In the RealOpInsight Editor, you just need to set a message in the form of "The free space in the root partition of the machine {hostname} is less than {threshold}". Here {hostname} and {threshold} are tags that are automaticaly replaced at runtime with contextual information before being printed on the Message Console.
Supported Contextualization Tags
There is the list of supported tags (the curly braces are required) :- {hostname}: shall be replaced with the hostname of the machine to which the incident is related.
- {threshold}: shall be replaced with the threshold defined in the check command. Currently this tag is only supported for Nagios.
- {plugin_output}: shall be replaced with the native message returned by the command (e.g. PING ok - Packet loss = 0%, RTA = 0.80 ms)

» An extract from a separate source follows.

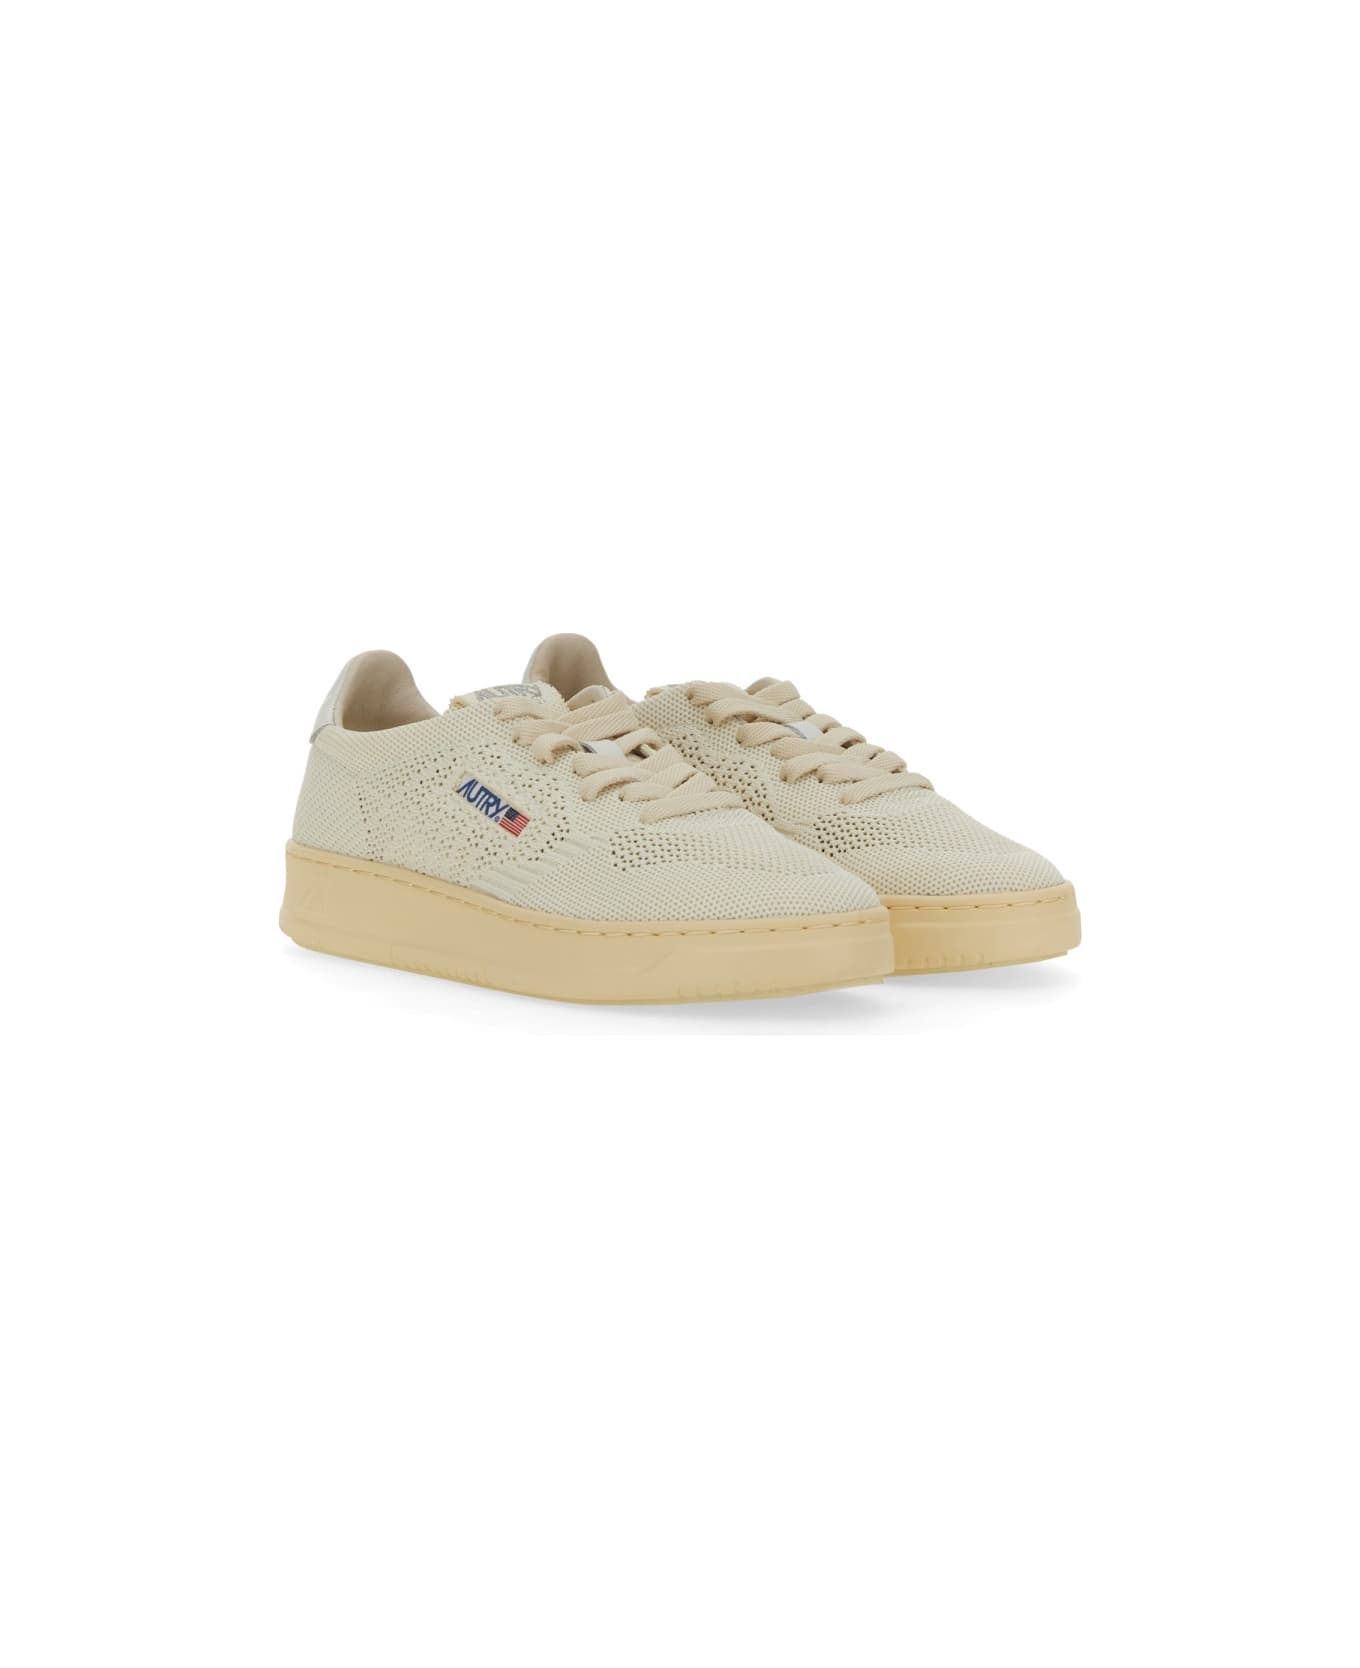 Autry Medalist Easeknit Low Sneakers - Non definito スニーカー
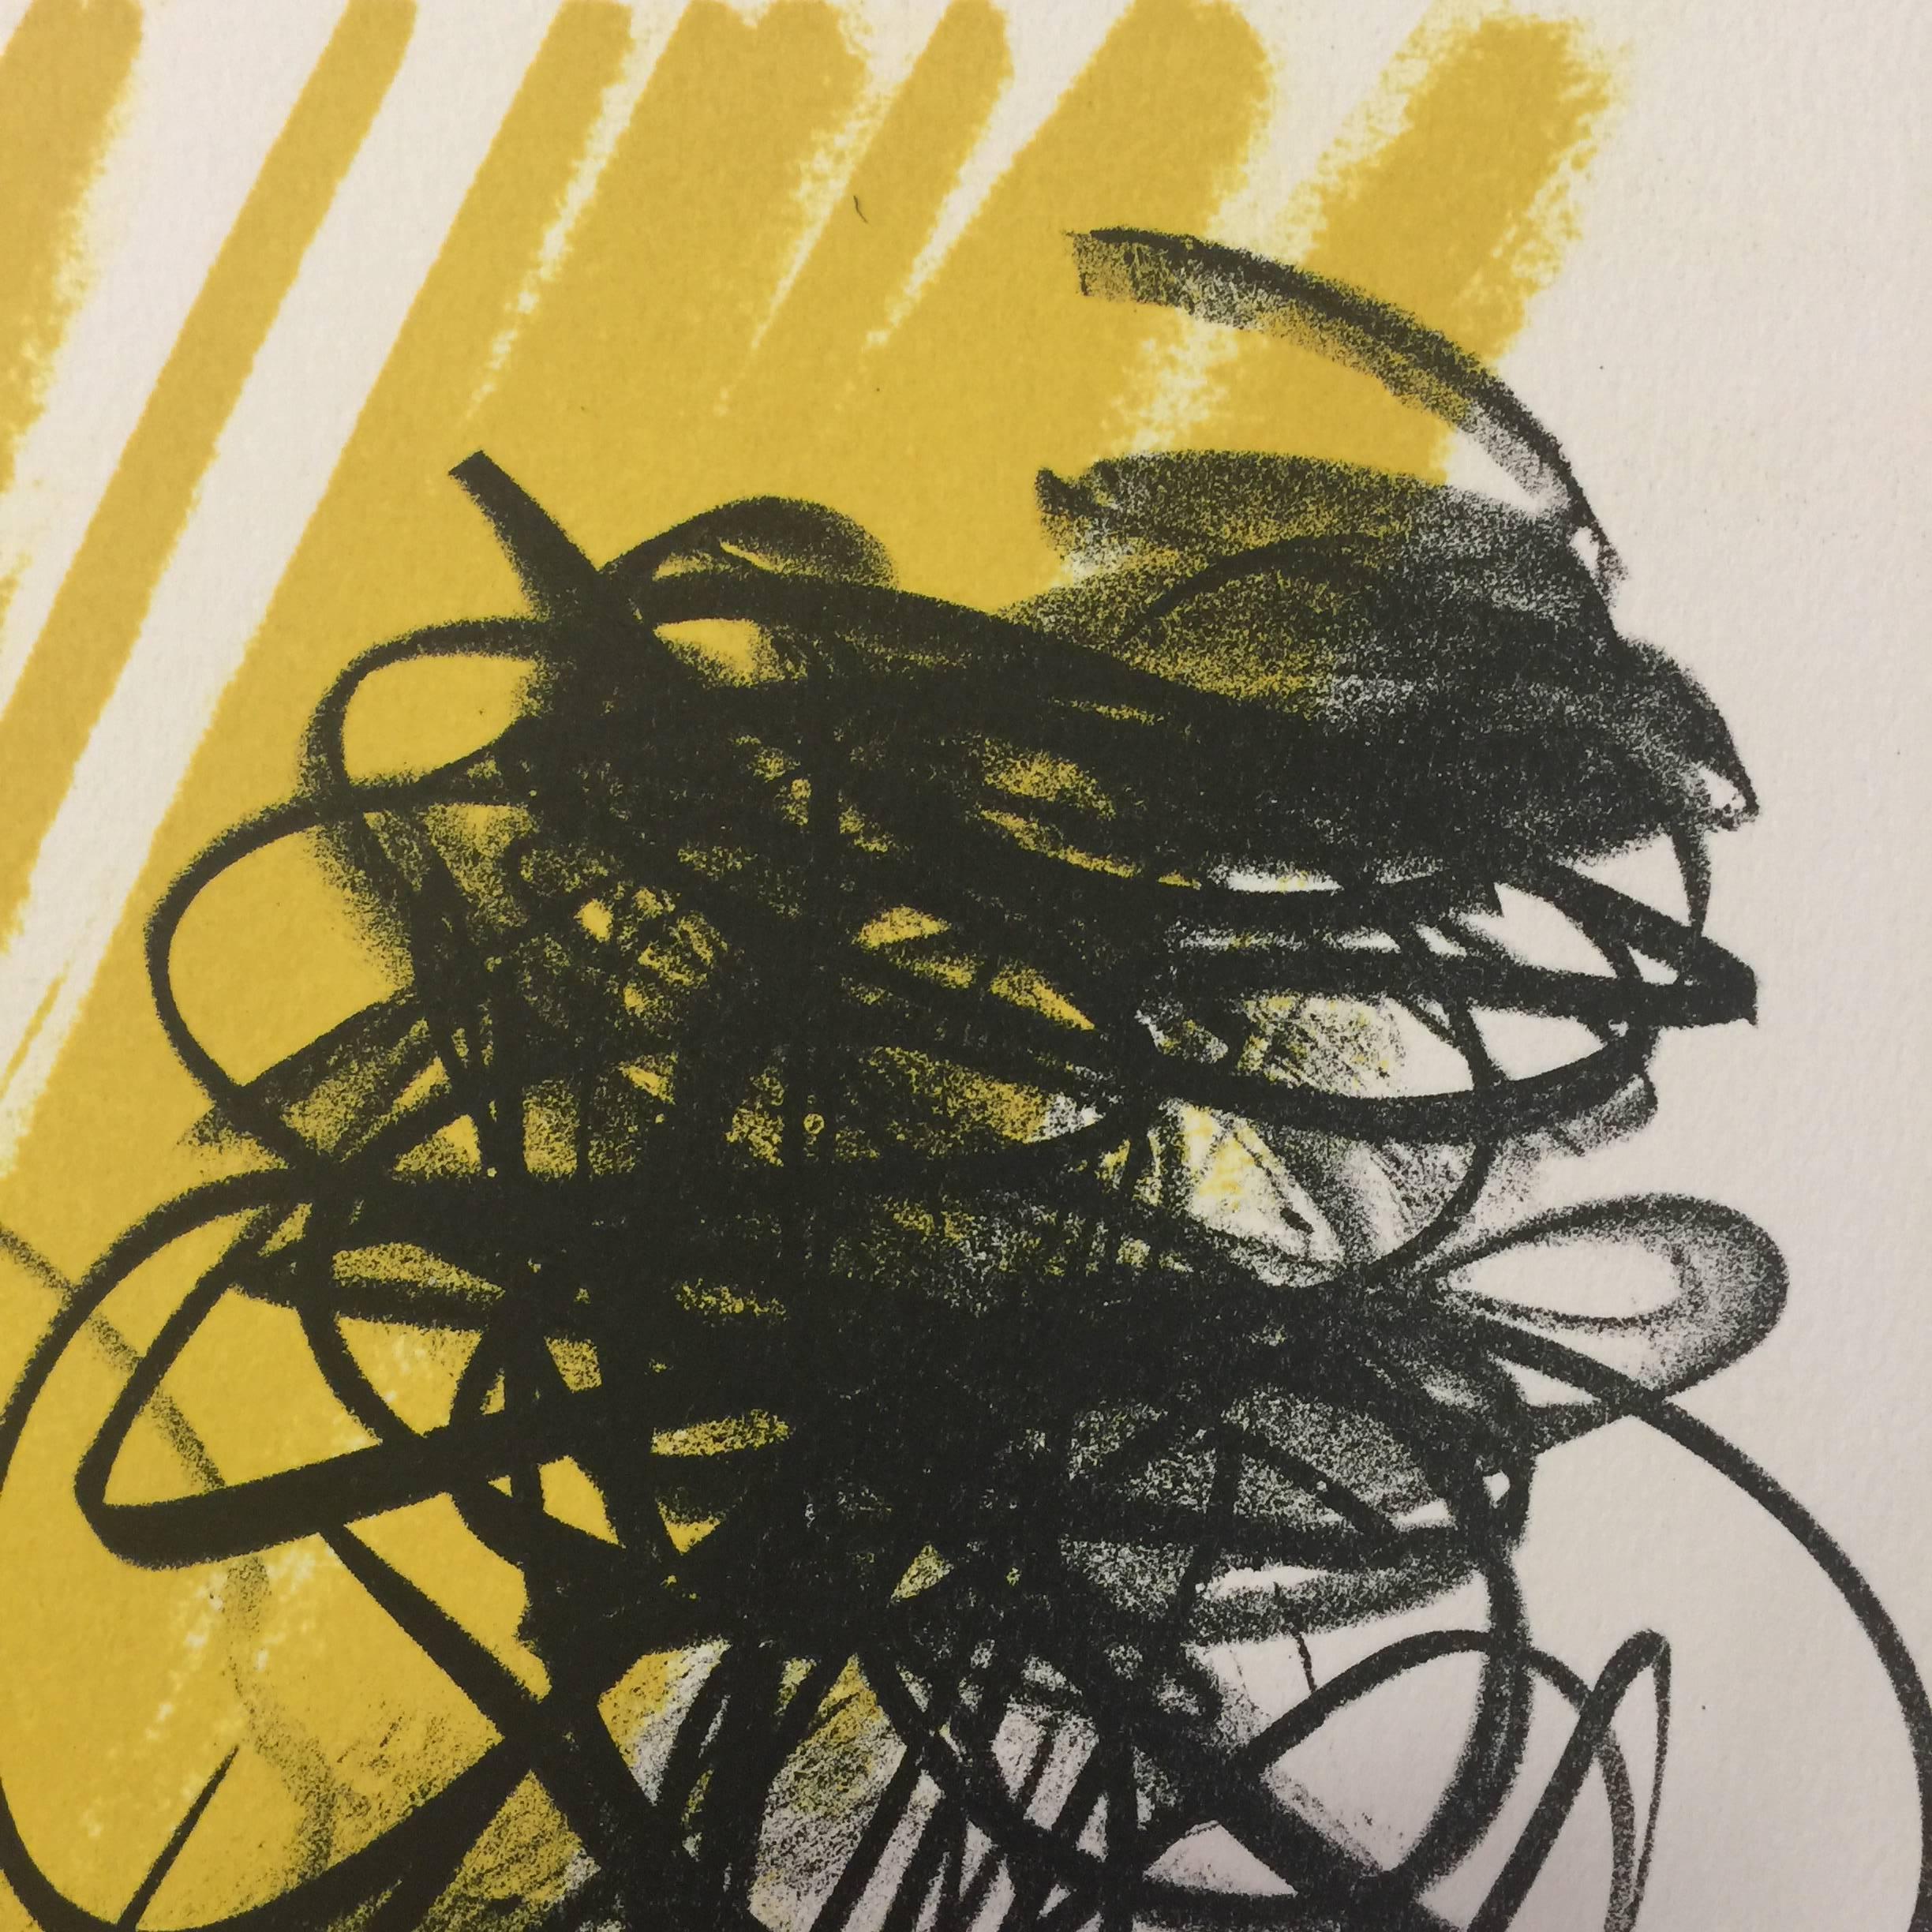 Abstract Composition - Signs on Yellow - Print by Hans Hartung

- {check_name}: shall be replaced with the name of the check component. E.g. check_local_disk.
How Does It Work?
To ease its integration, even in existing monitoring environments, RealOpInsight has been designed to be loosely coupled with the underlying monitoring system. Illustrated on the Figure below, the resulting architecture is an effective system that makes the monitoring of your business processes easier than ever.

- We have a Operations Console on each operator workstation that shows the monitoring dashboard to the operators/administrators.
- The Operations Console is updated periodically with data retrieved from the monitoring server.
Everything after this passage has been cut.